__EXERCISE__: Copy the data verbatim and leave out every picture.

[DATA BLOCK]

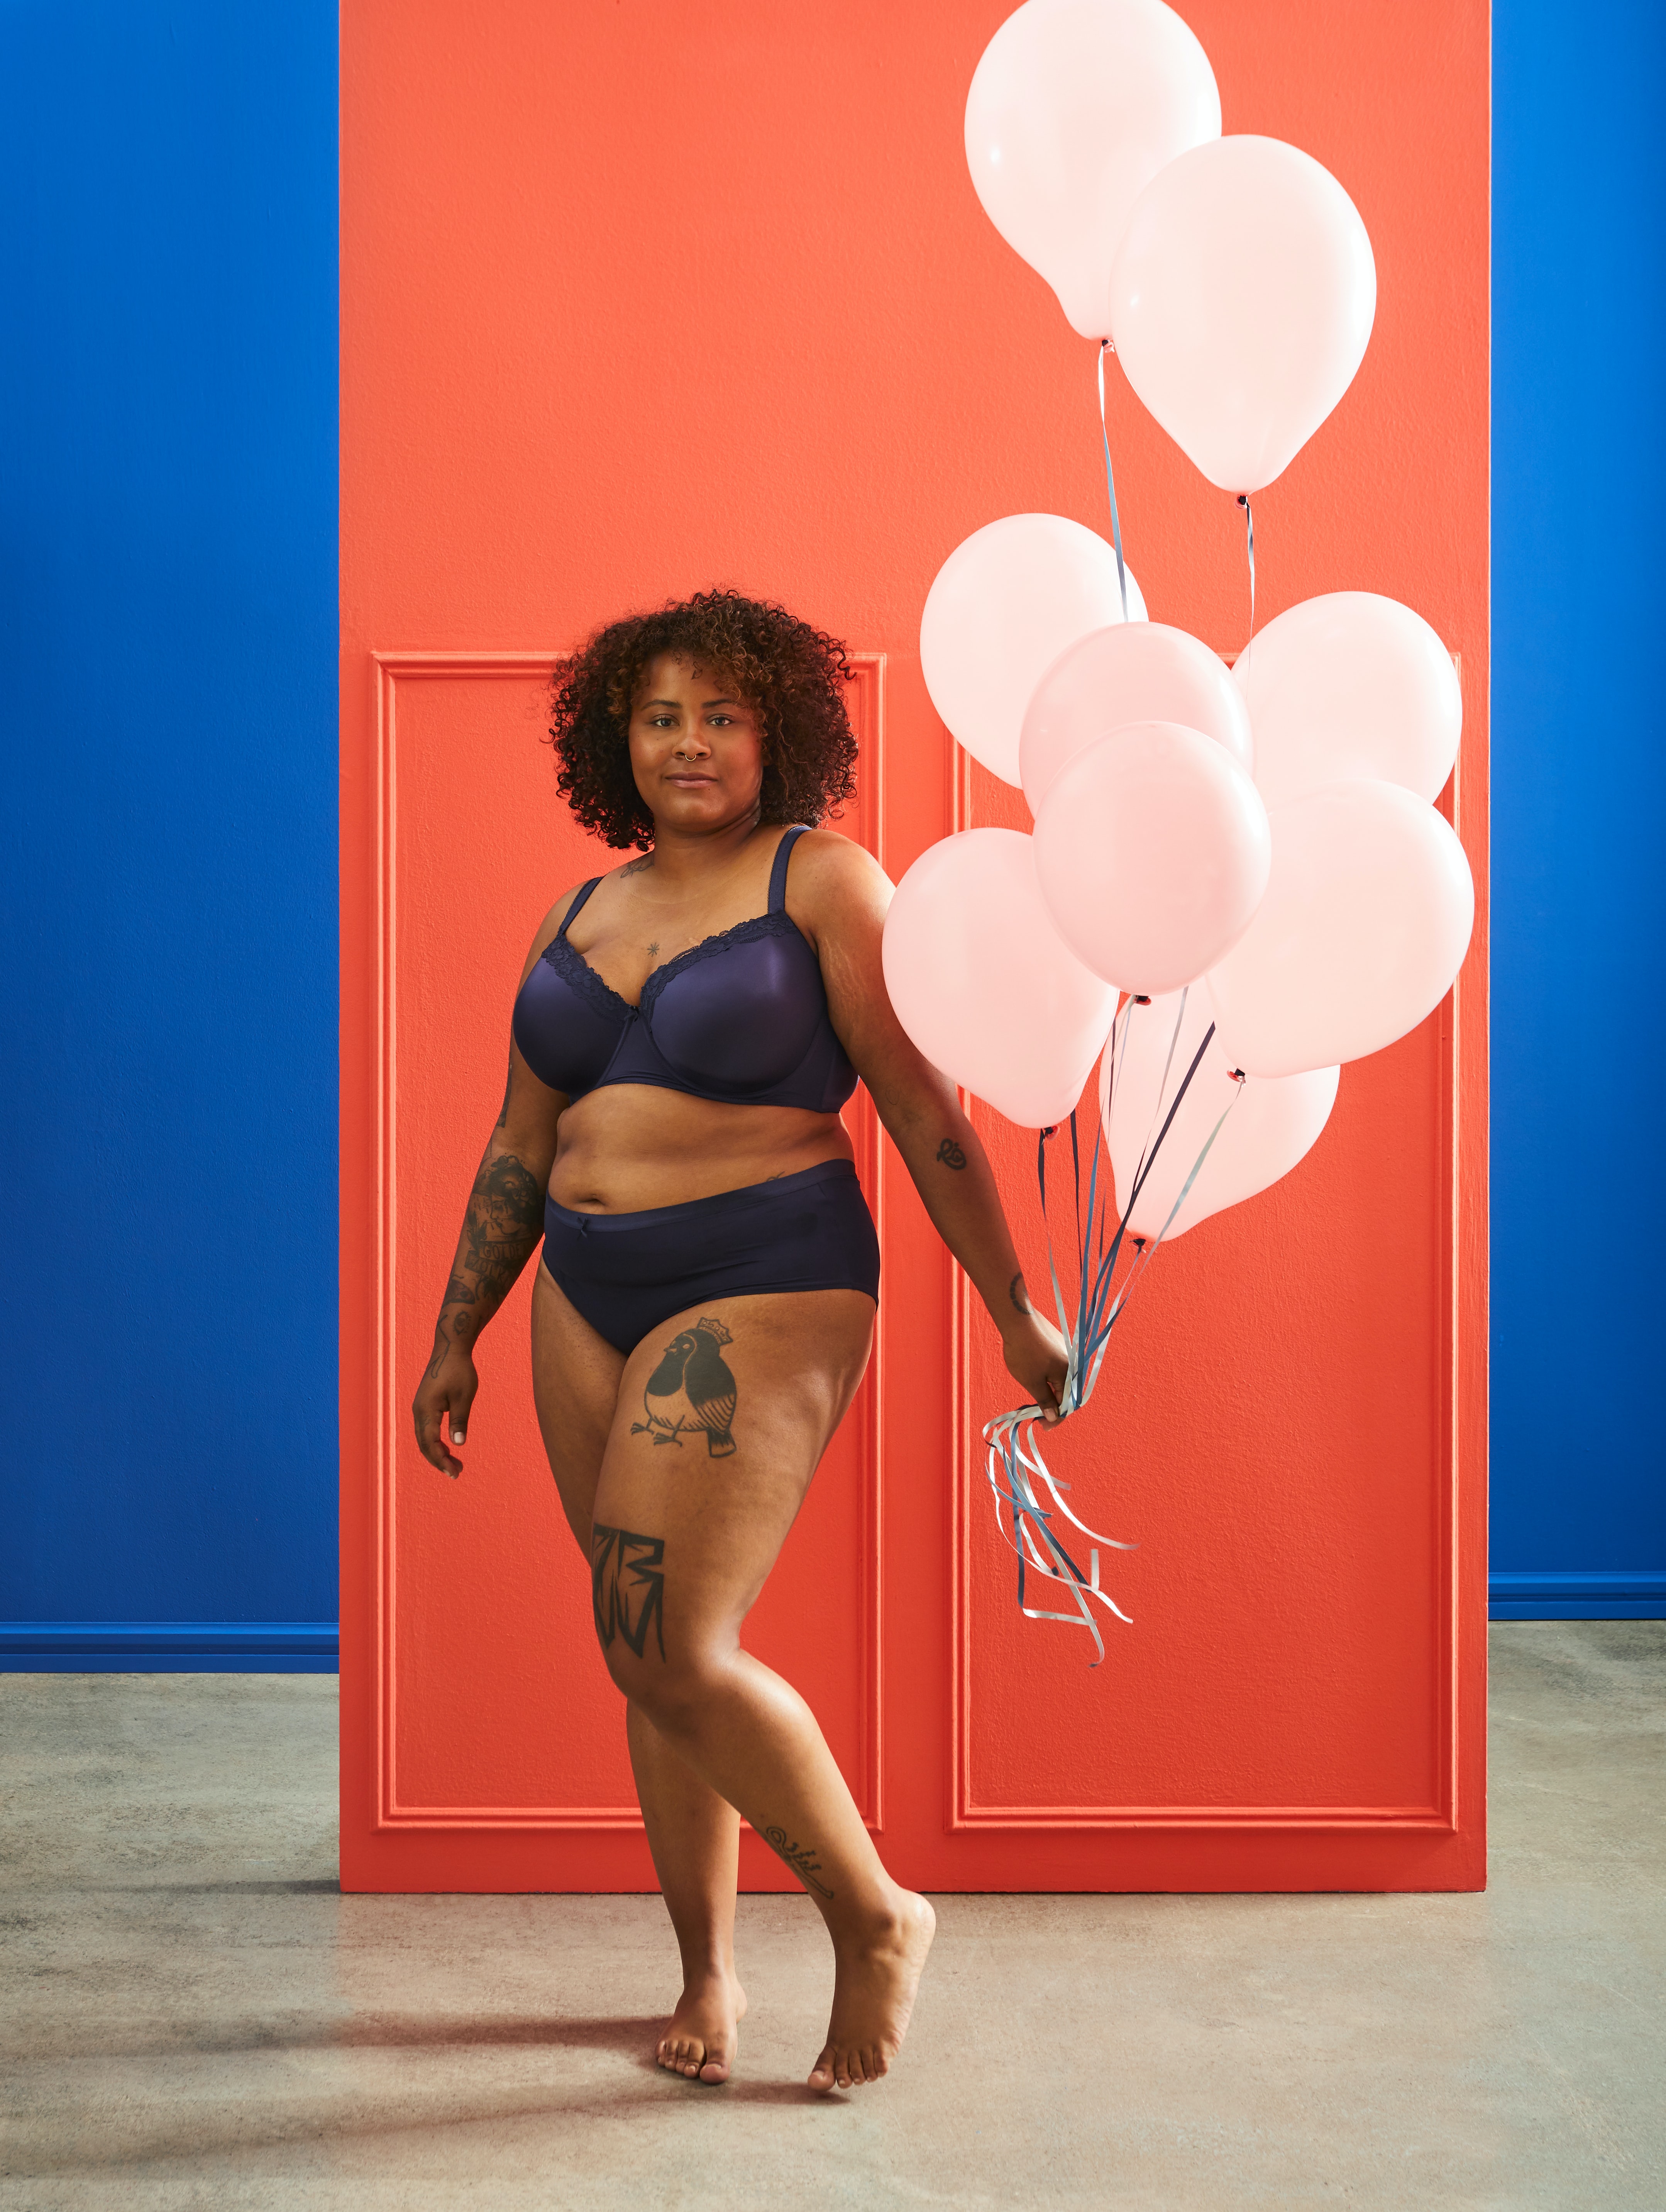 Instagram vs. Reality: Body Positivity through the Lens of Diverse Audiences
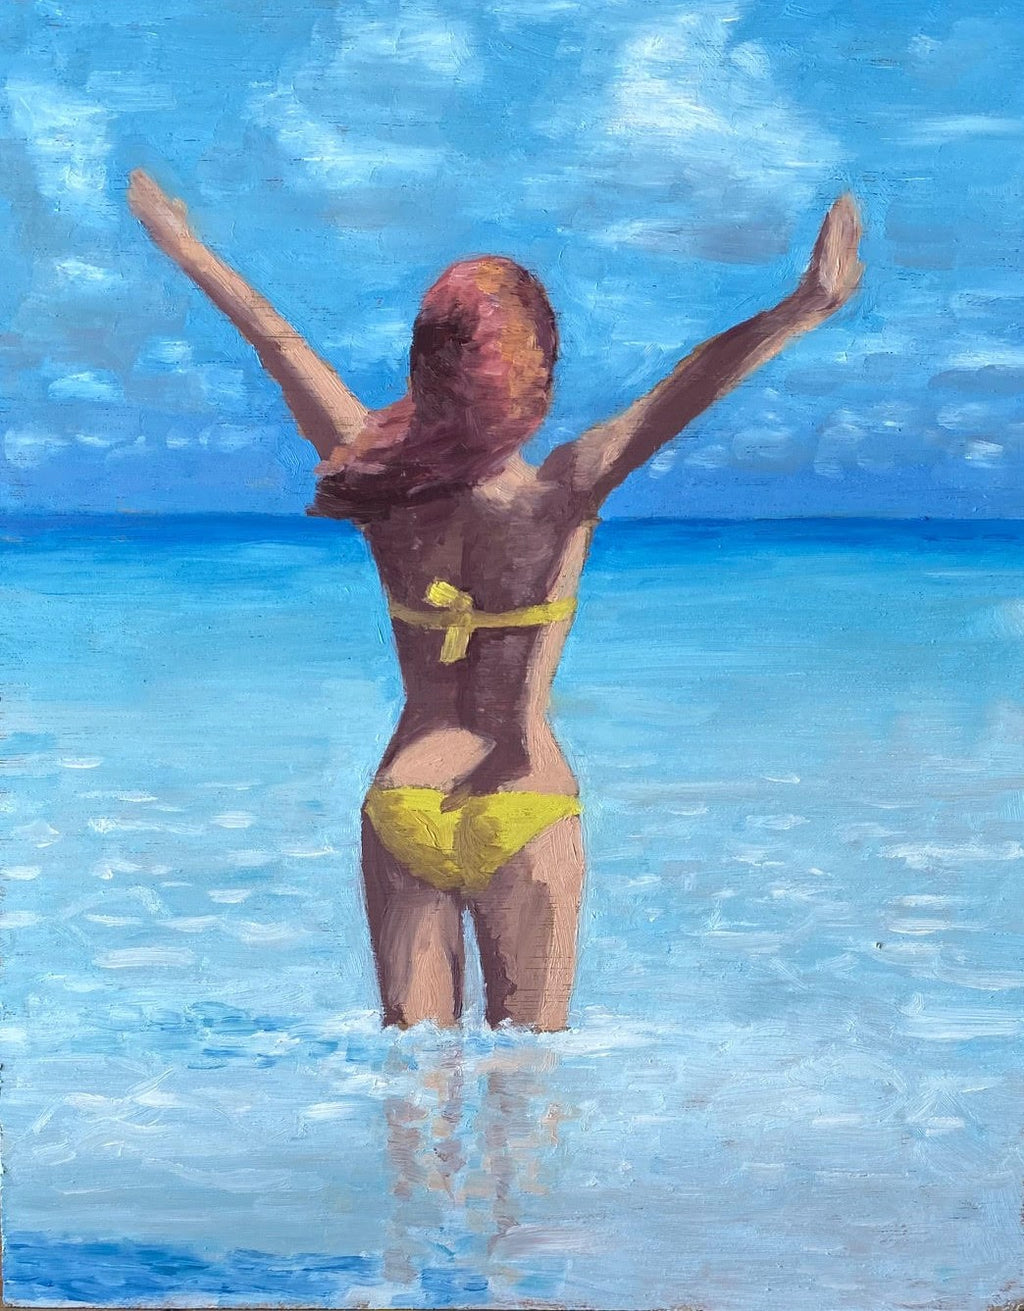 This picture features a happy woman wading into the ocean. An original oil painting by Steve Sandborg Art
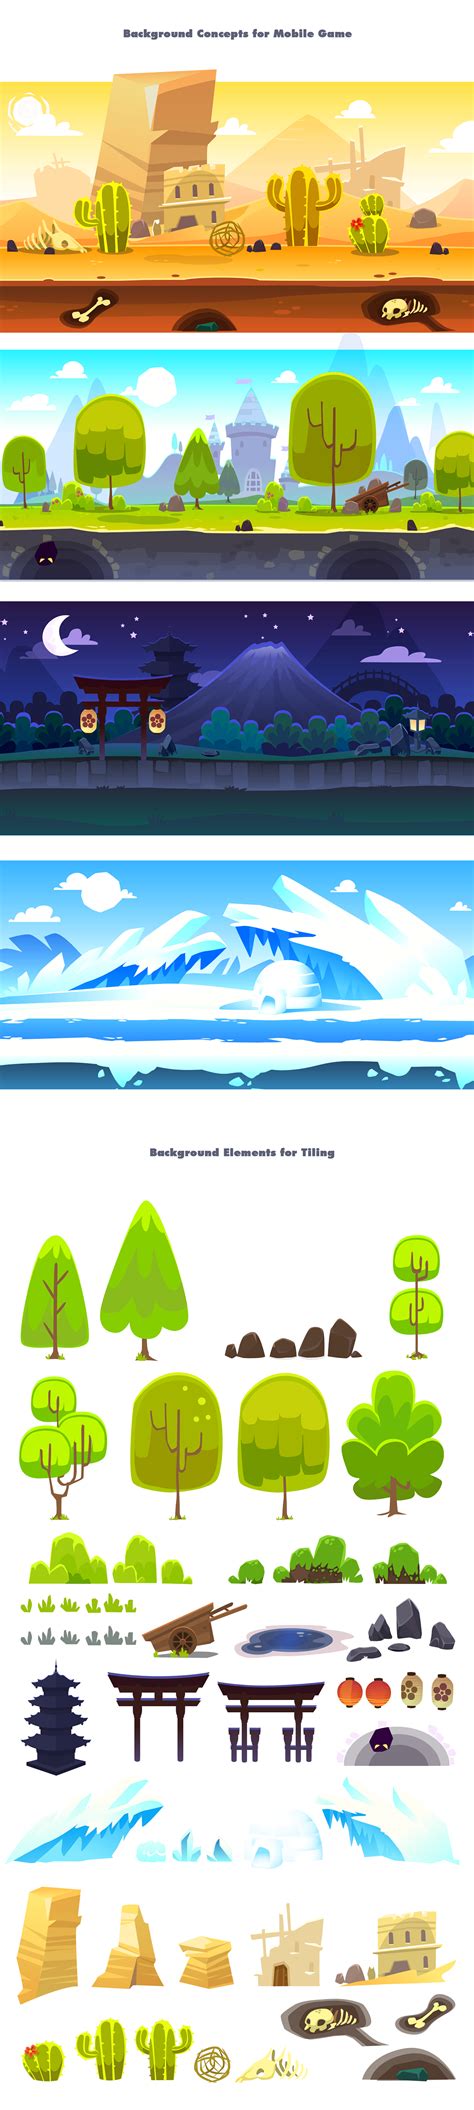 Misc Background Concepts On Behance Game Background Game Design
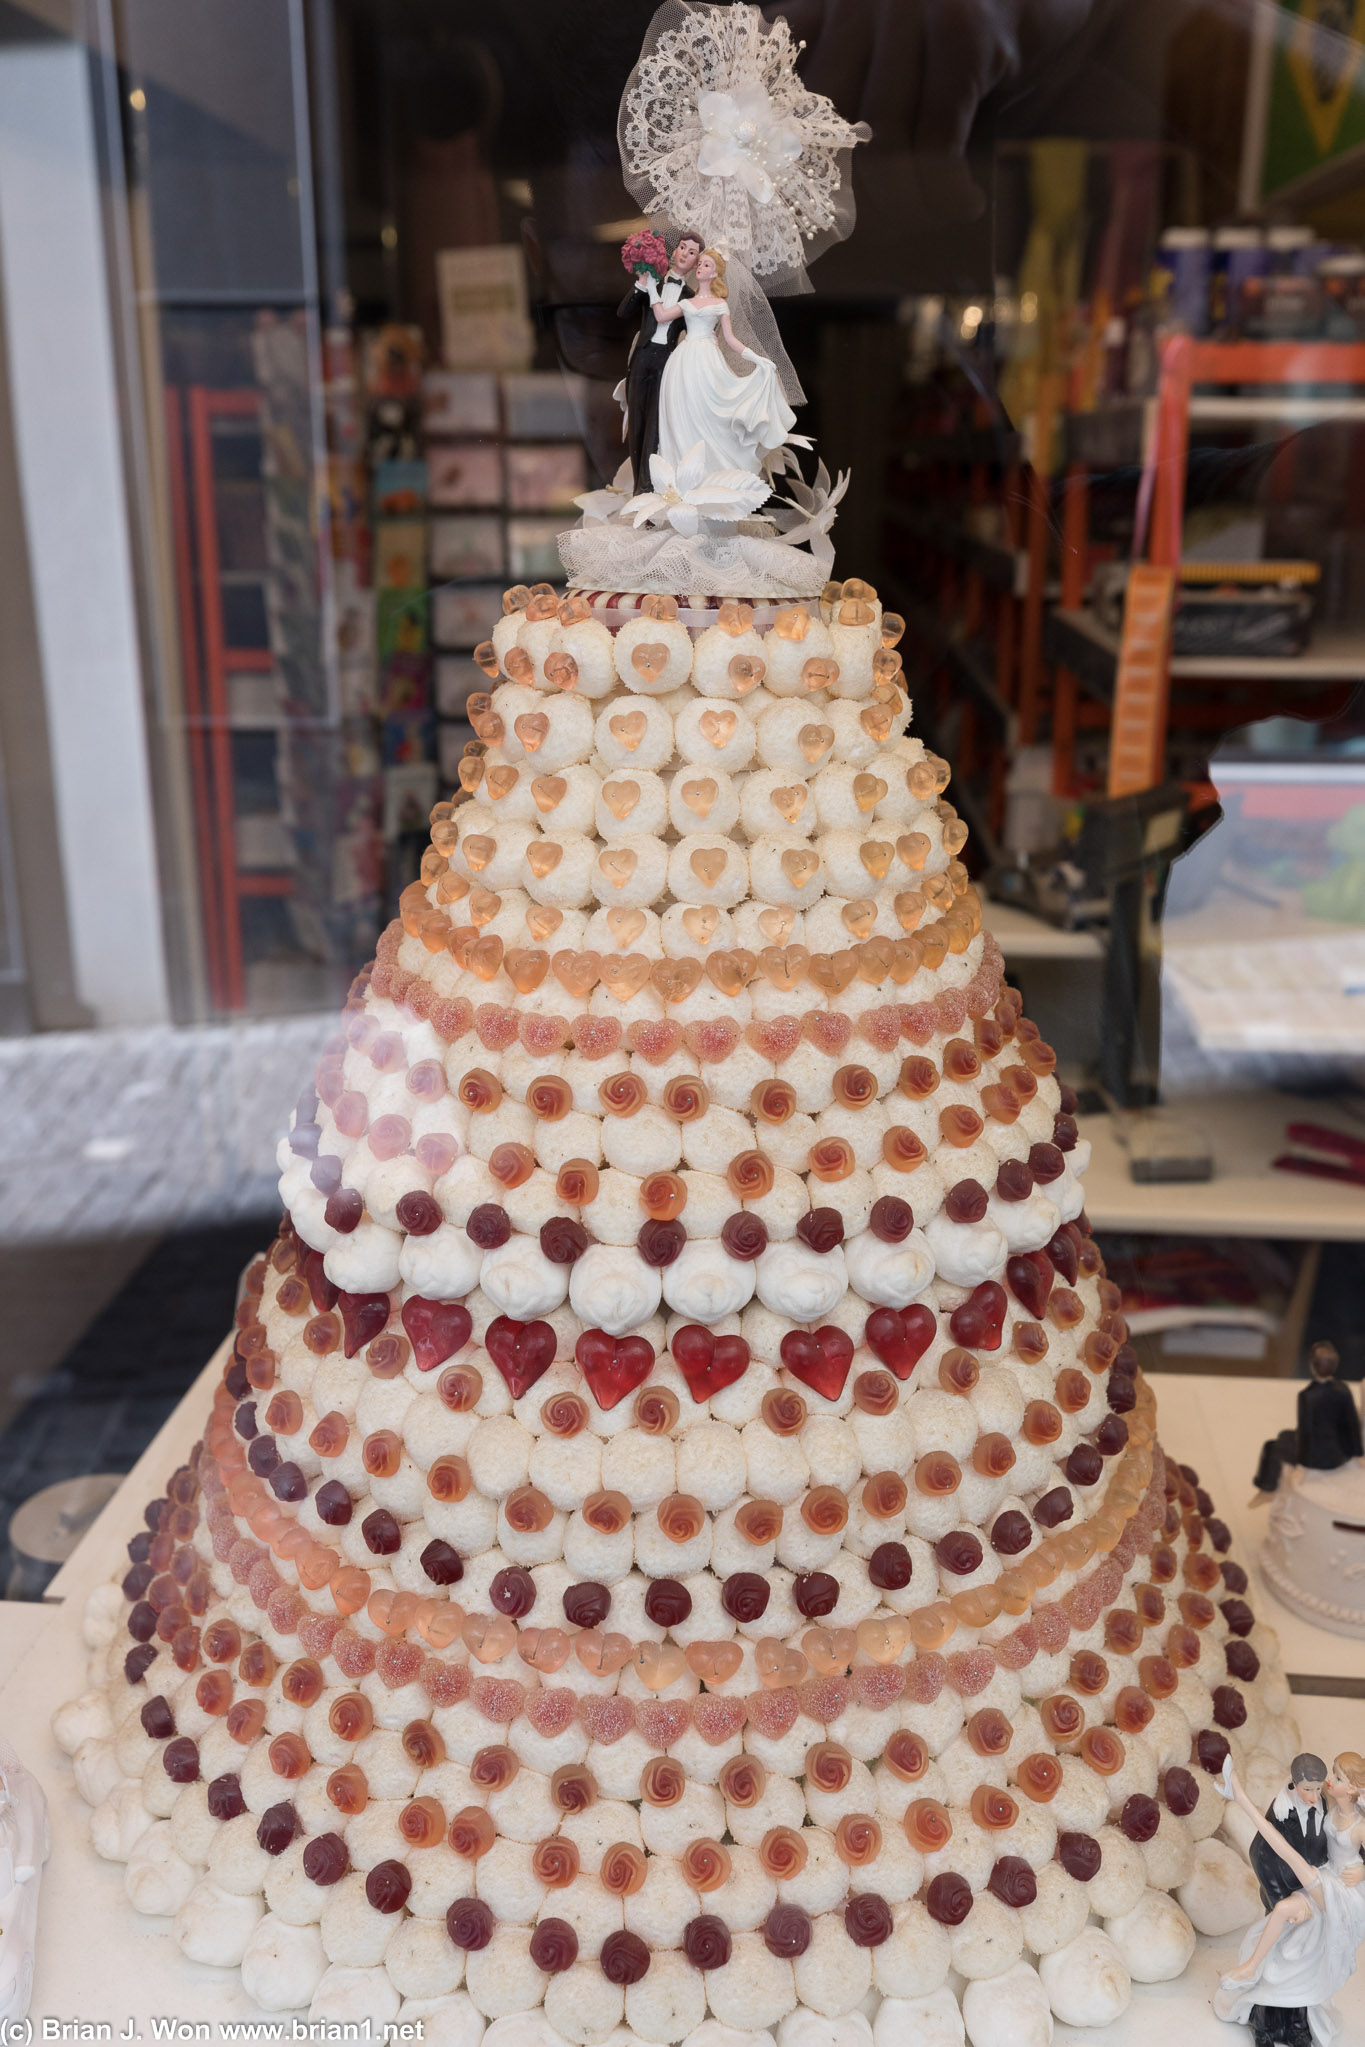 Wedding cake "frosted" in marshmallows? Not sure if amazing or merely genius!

[/DATA BLOCK]

__SOLUTION TO THE EXERCISE__:
 Instagram vs. Reality: Body Positivity through the Lens of Diverse Audiences
 This picture features a happy woman wading into the ocean. An original oil painting by Steve Sandborg Art
 Misc Background Concepts On Behance Game Background Game Design
 Wedding cake "frosted" in marshmallows? Not sure if amazing or merely genius!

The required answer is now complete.